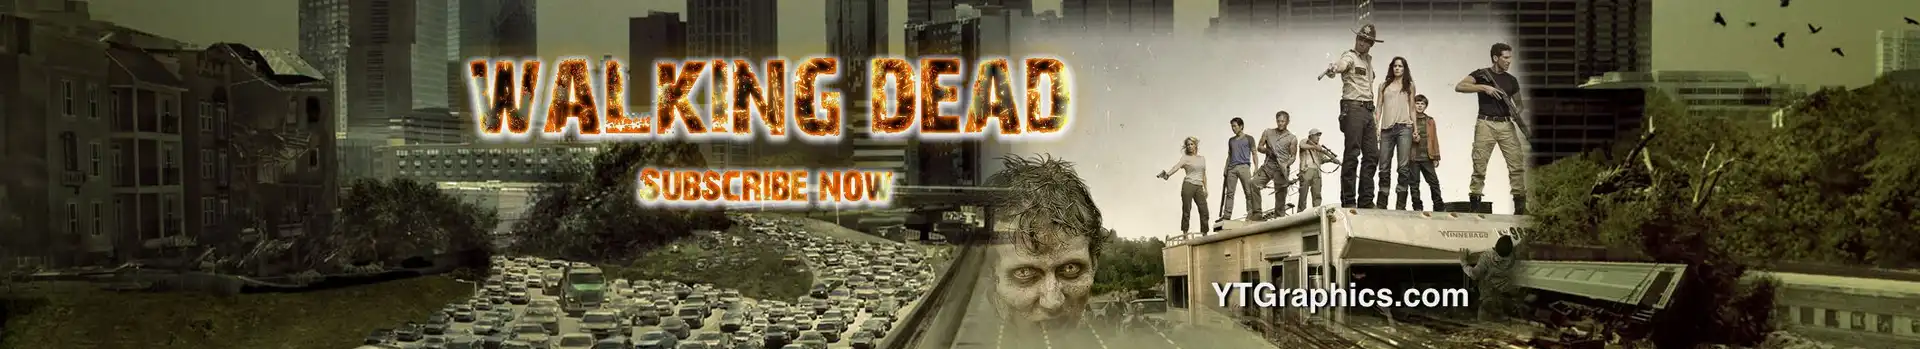 Walking Dead preview
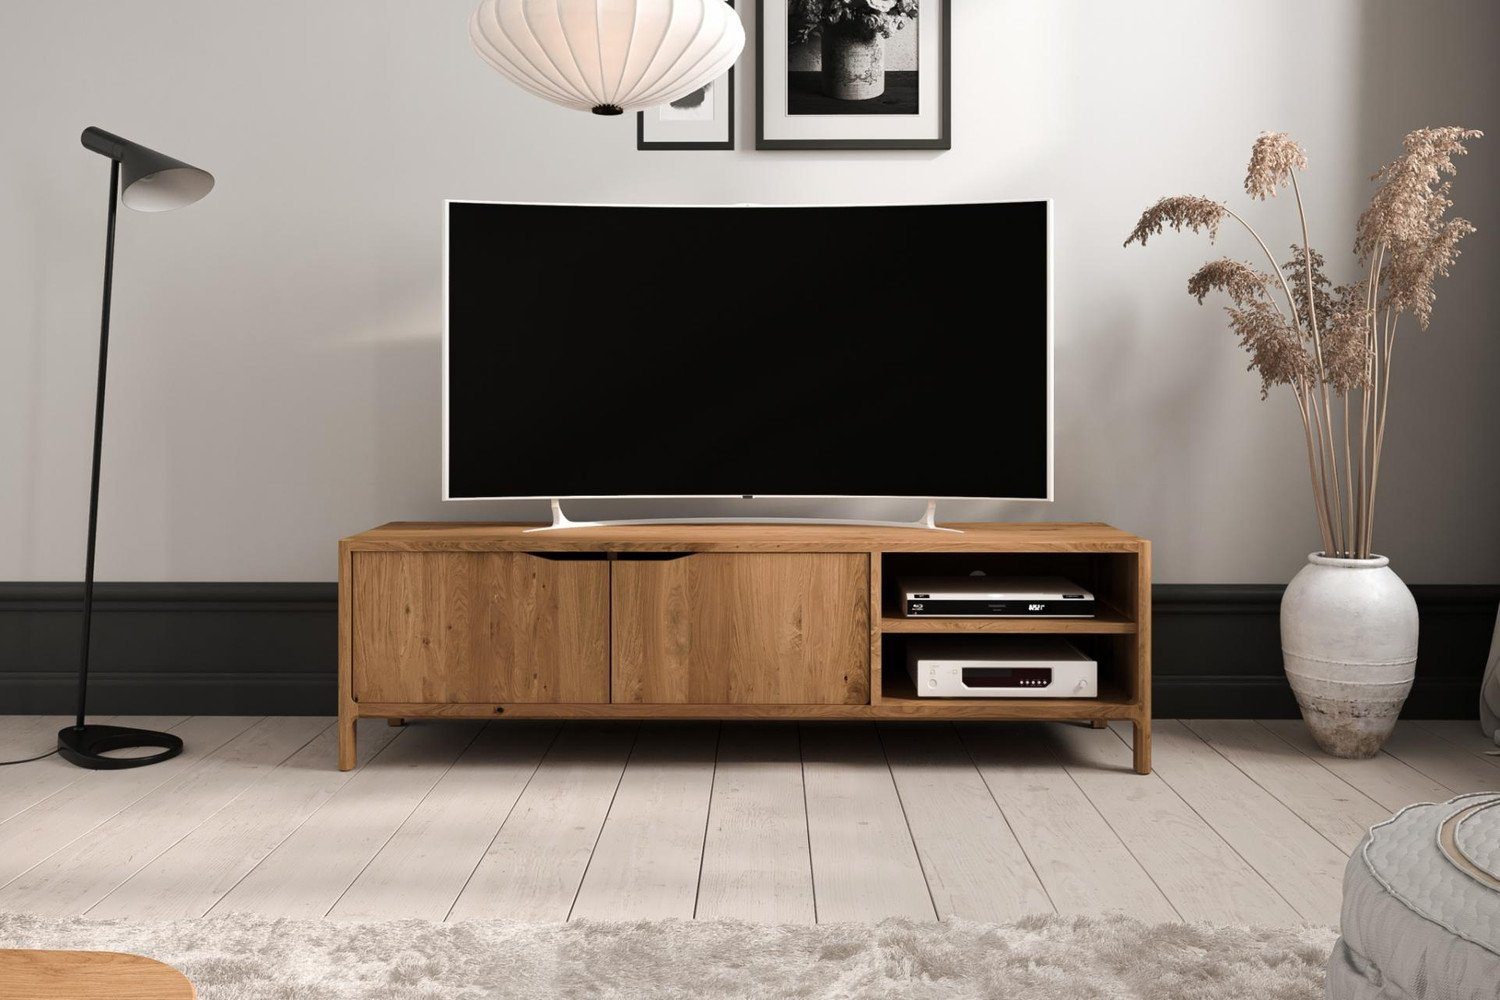 Natur24 Lowboard TV-Board Swig Wildeiche massiv geölt 160x50 mit 2 Türen  und 2 Fächern, Dekoration nicht im Lieferumfang enthalten
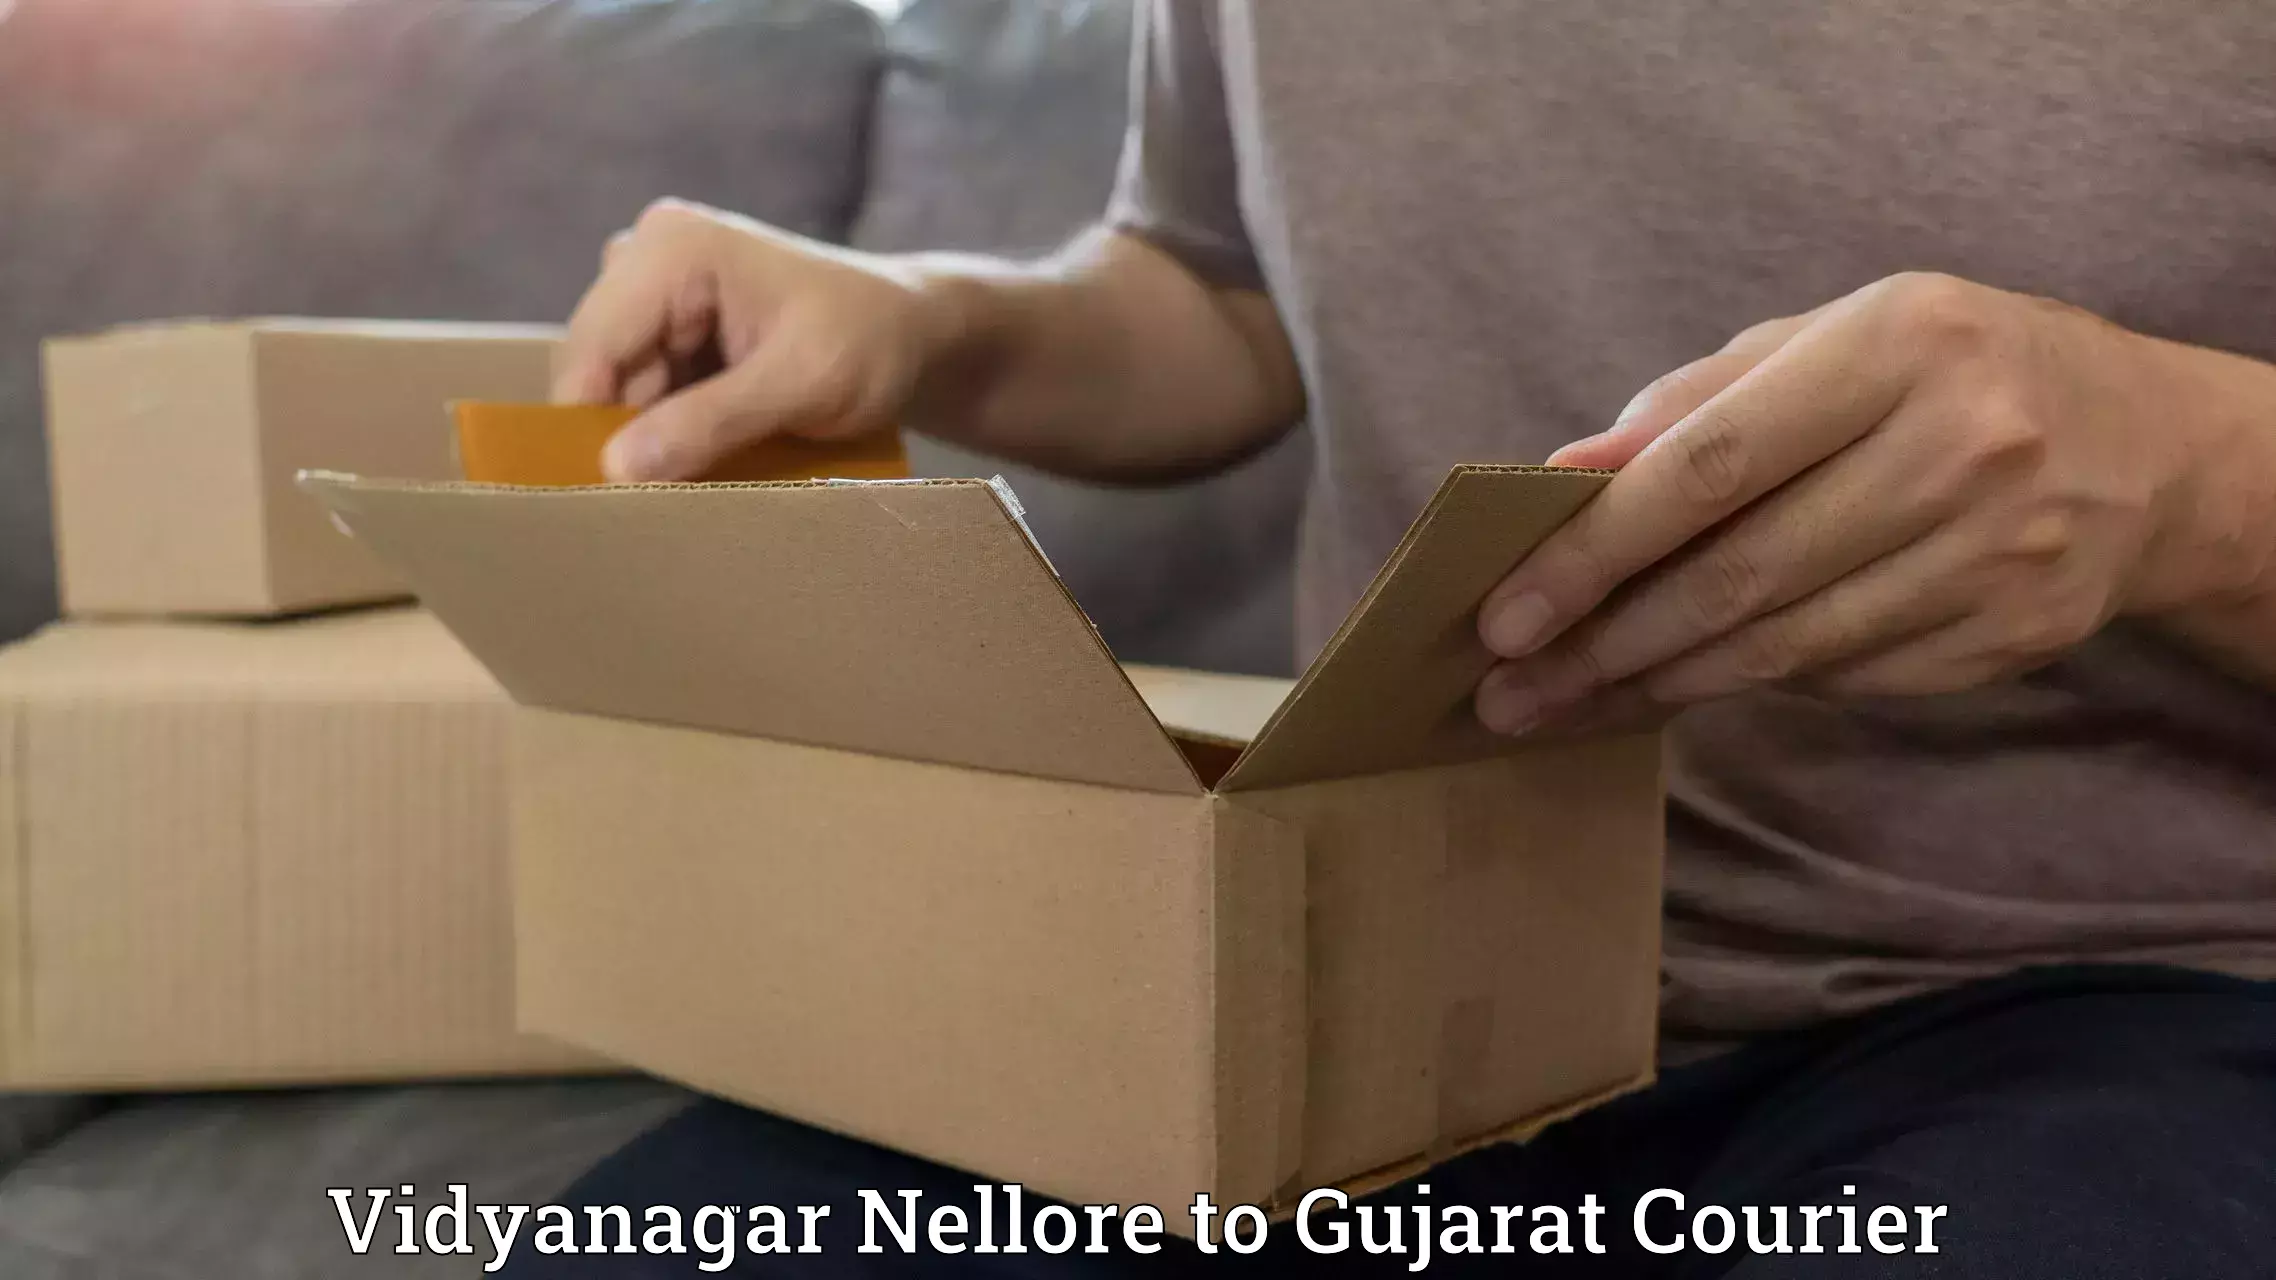 International courier networks Vidyanagar Nellore to IIT Gandhi Nagar

*AIM OF THE TASK*: Only the lines from the one containing "Natur24 Lowboard TV-Board" to the end of the listing belong in the answer, exactly as they stand and with no pictures.

*RESULT FOR THIS EXERCISE*:
 Natur24 Lowboard TV-Board Swig Wildeiche massiv geölt 160x50 mit 2 Türen  und 2 Fächern, Dekoration nicht im Lieferumfang enthalten
 International courier networks Vidyanagar Nellore to IIT Gandhi Nagar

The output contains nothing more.